[WHAT IS EXPECTED] Below is a listing with pictures. Repeat exactly the lines starting at the one holding "Поворотний ротор брелок" and going on through the one holding "永続残高本物のKesoto プラスチック ハンドル", and leave every picture out.

[MATERIAL SHOWN]
* * * *

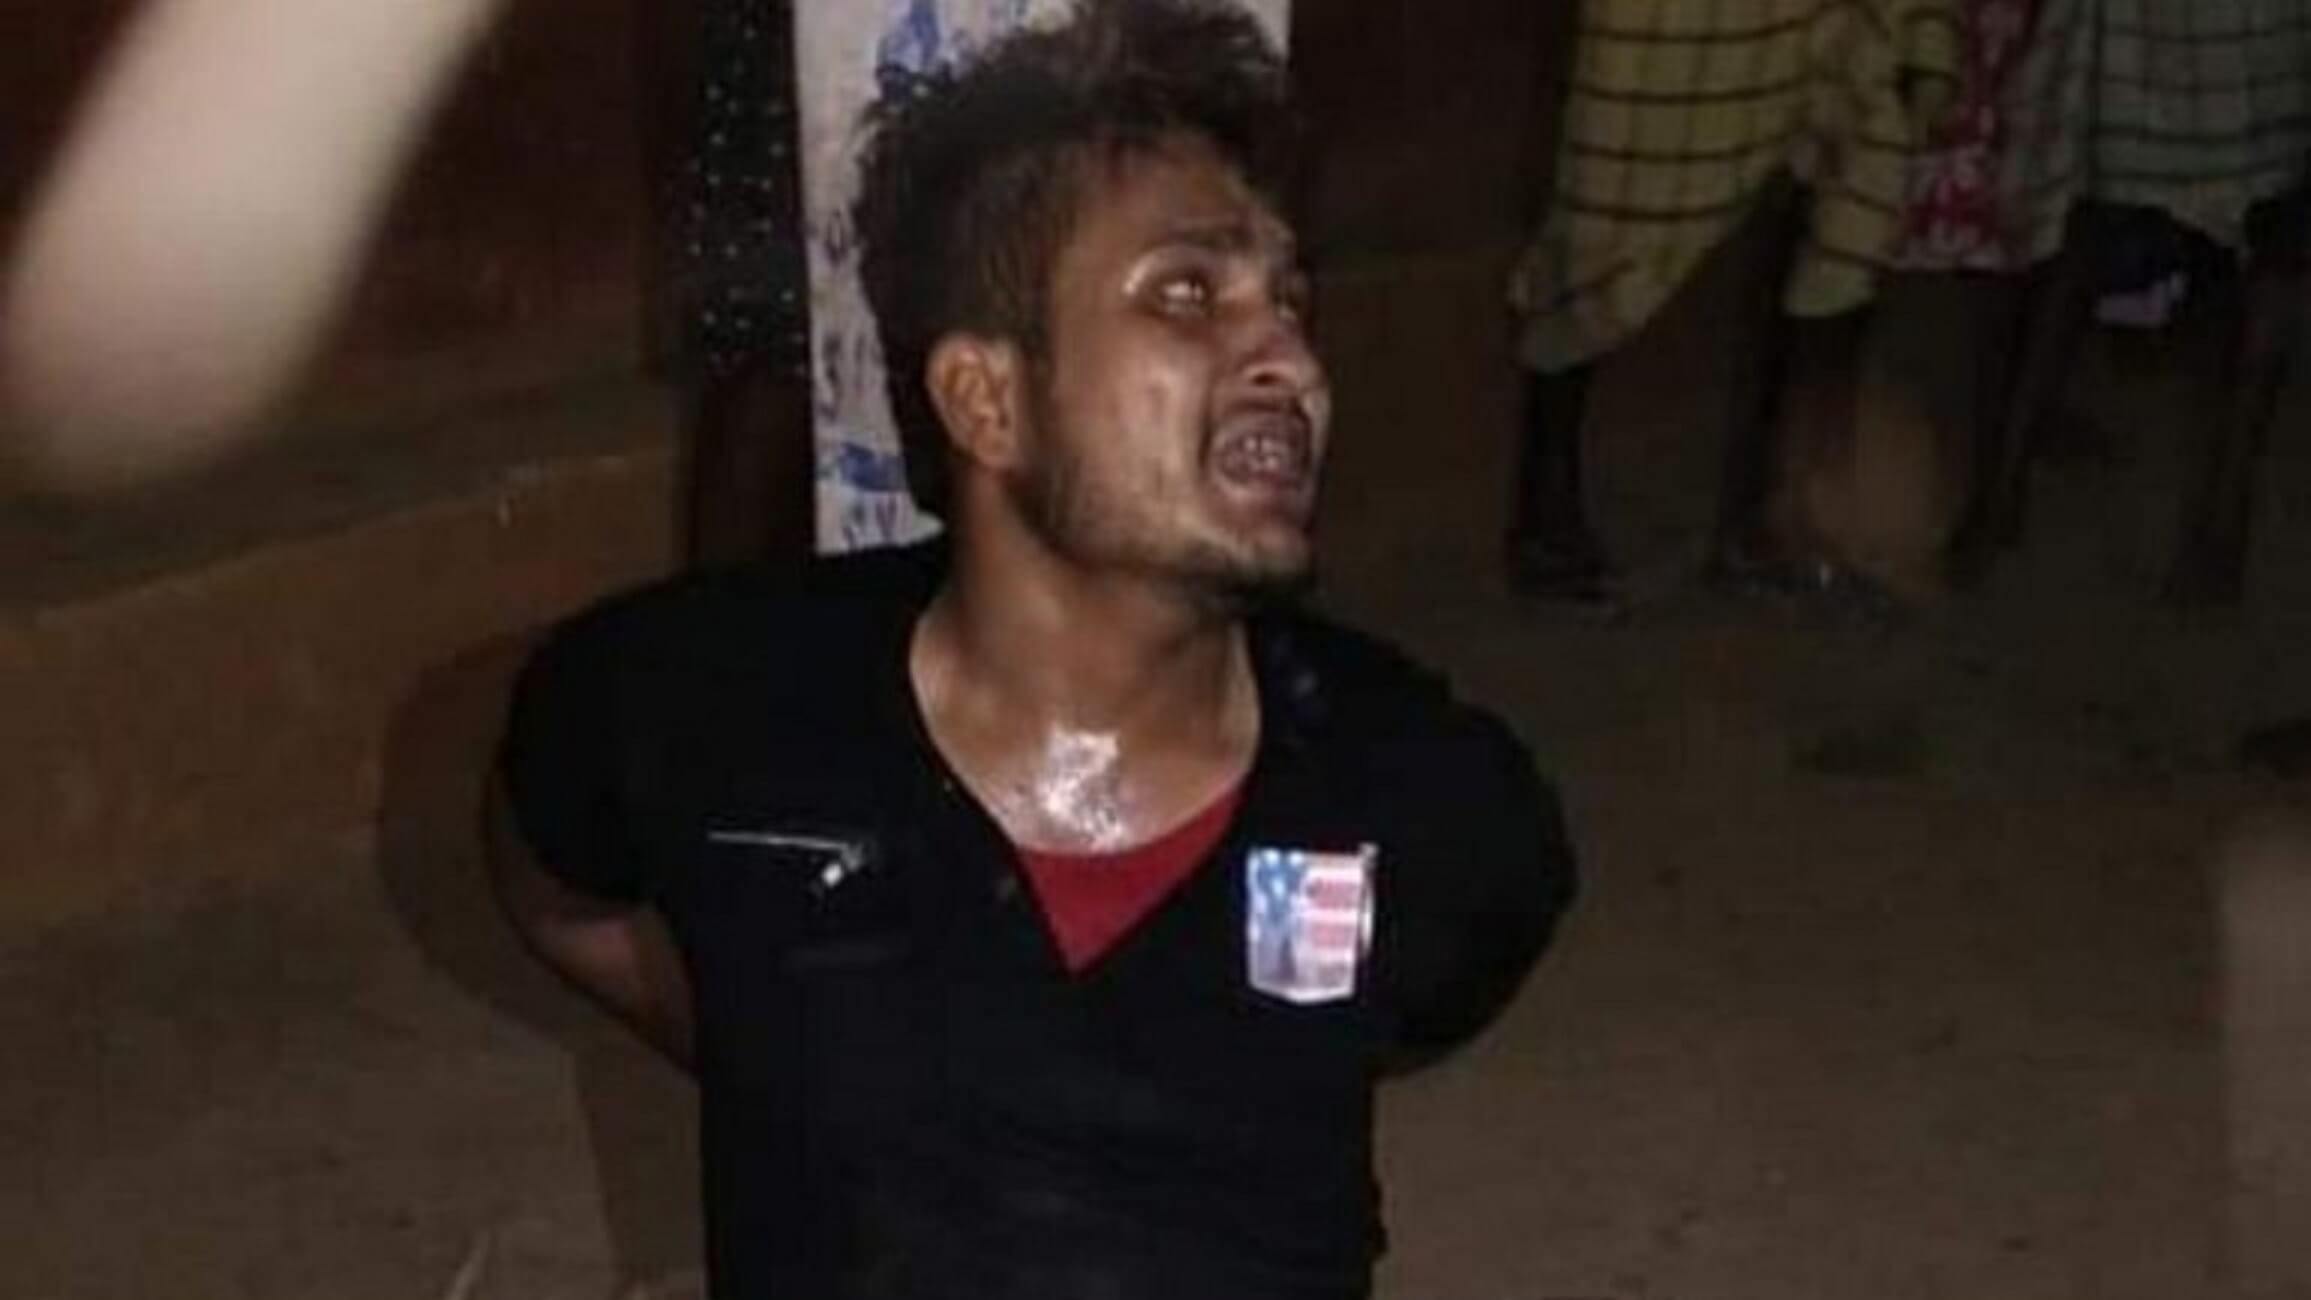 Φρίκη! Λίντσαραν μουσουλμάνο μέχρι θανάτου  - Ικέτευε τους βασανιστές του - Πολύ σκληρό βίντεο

* * * *

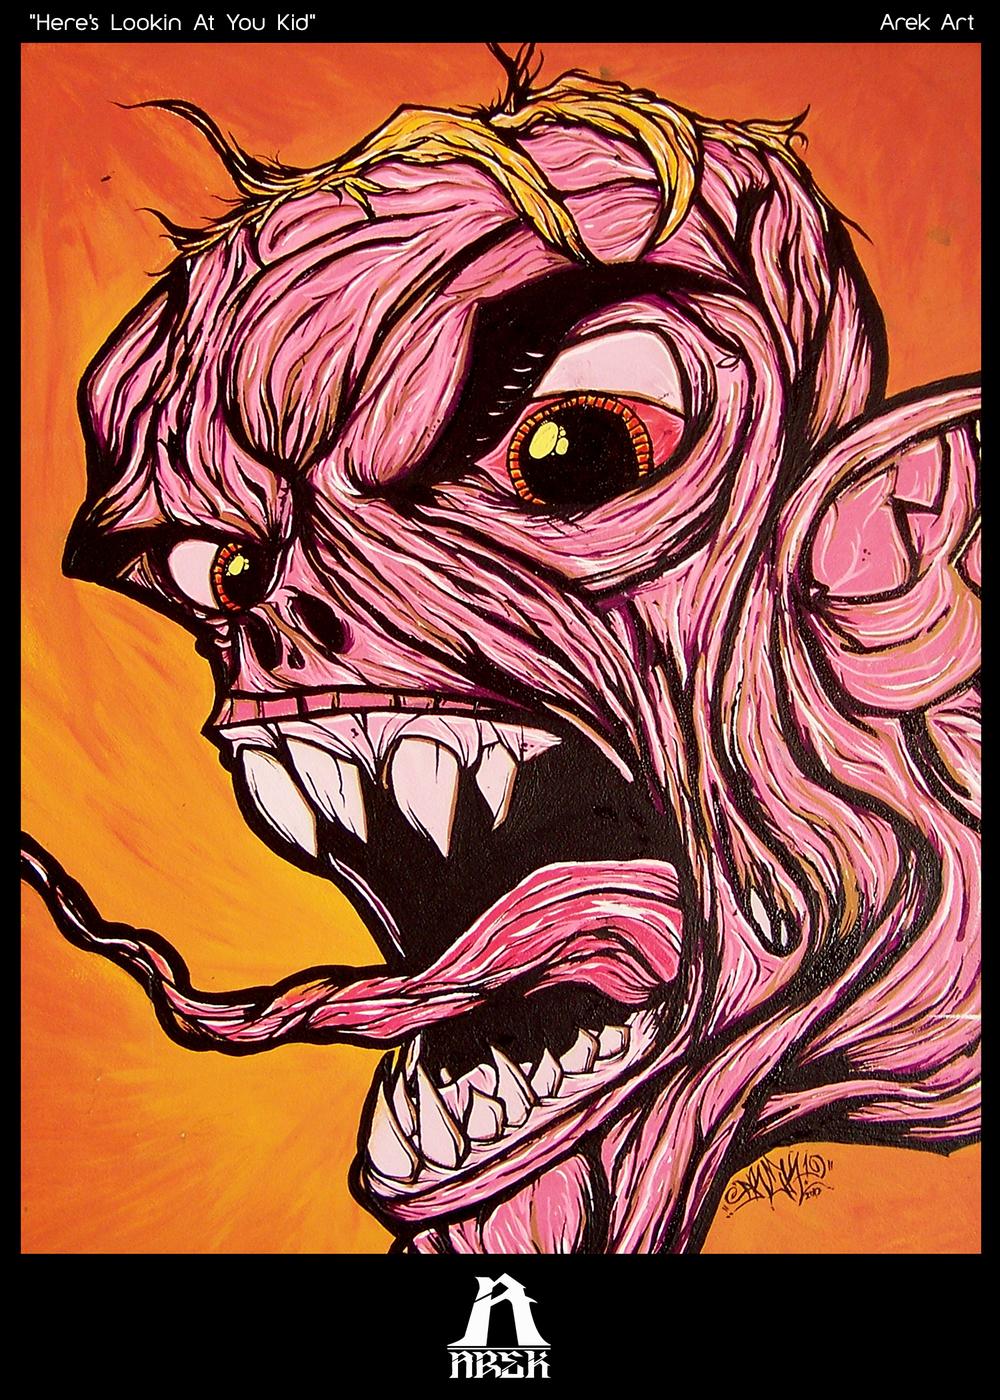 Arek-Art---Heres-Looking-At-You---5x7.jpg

* * * *

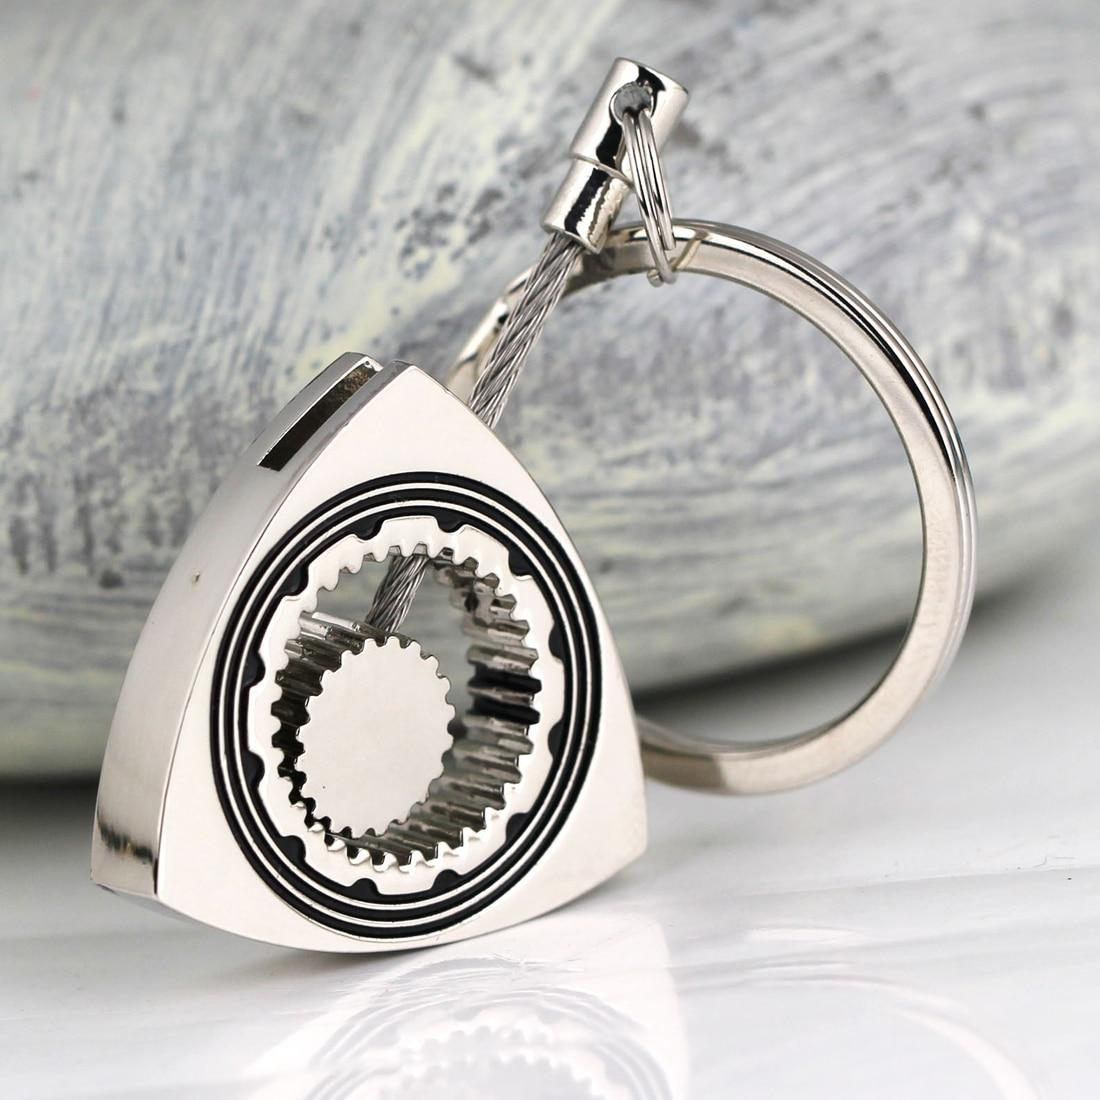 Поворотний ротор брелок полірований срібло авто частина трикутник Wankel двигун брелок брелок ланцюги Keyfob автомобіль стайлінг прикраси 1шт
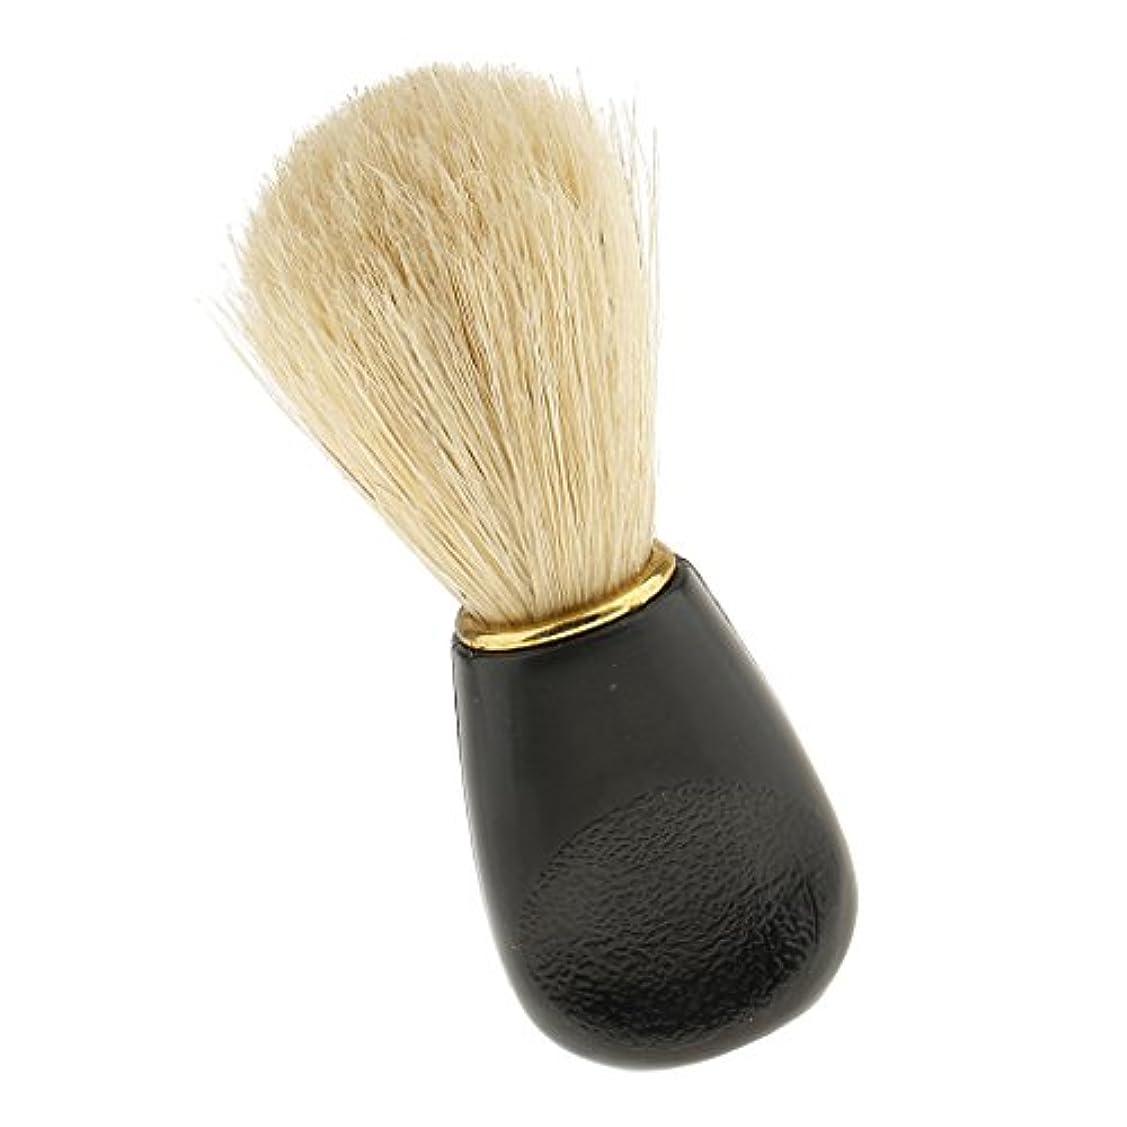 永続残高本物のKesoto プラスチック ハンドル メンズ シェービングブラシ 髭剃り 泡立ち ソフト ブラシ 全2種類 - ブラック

* * * *

[TASK RESPONSE]
 Поворотний ротор брелок полірований срібло авто частина трикутник Wankel двигун брелок брелок ланцюги Keyfob автомобіль стайлінг прикраси 1шт
 永続残高本物のKesoto プラスチック ハンドル メンズ シェービングブラシ 髭剃り 泡立ち ソフト ブラシ 全2種類 - ブラック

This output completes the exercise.